A Final Note on the Human Habit of Catastrophizing
History isn't a guarantee. But two hundred years of being wrong about this in the same direction is at least worth acknowledging. There’s one more thing worth sitting with: we systematically overestimate how fast technological change eliminates jobs, and systematically underestimate our capacity to adapt.
A 2013 Oxford study by Carl Benedikt Frey and Michael Osborne ("The Future of Employment: How Susceptible Are Jobs to Computerisation?") predicted that 47% of US jobs were at high risk of automation within two decades. That study was hugely influential — and hugely wrong in its timeline. A 2017 paper by Melanie Arntz, Terry Gregory, and Ulrich Zierahn ("Revisiting the Risk of Automation," Economics Letters) revised that figure down to around 9% by applying task-level analysis rather than occupation-level analysis. The difference came from recognizing that most occupations contain a wide mix of tasks, only some of which are automatable, and that humans within those occupations reorganize around the remaining tasks rather than simply disappearing.

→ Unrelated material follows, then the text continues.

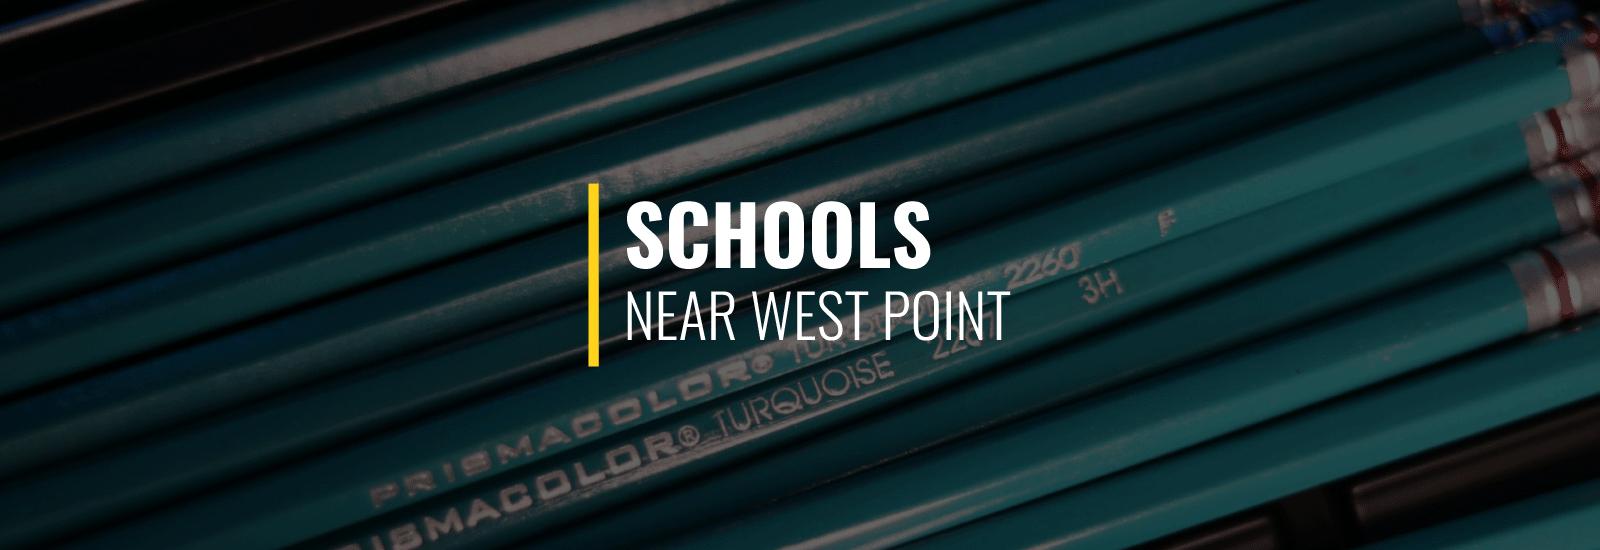 West Point Schools

The era of AI is an era of genuine change. The disruption is not illusory, the anxiety is not irrational, and the transition is not painless. But the idea that this represents an endpoint that this is where the story of human work finally breaks is contradicted by every comparable moment in economic history.
What we’re living through is a readjustment. Uncomfortable, fast-moving, unevenly distributed. And, if the last two hundred years of evidence mean anything at all, ultimately navigable.
The jobs of 2040 will look as alien to us as 'social media manager' looked to someone in 1995. They'll still exist. People will still complain about them.



Nice tight piece putting several difficult, relevant topics into focus.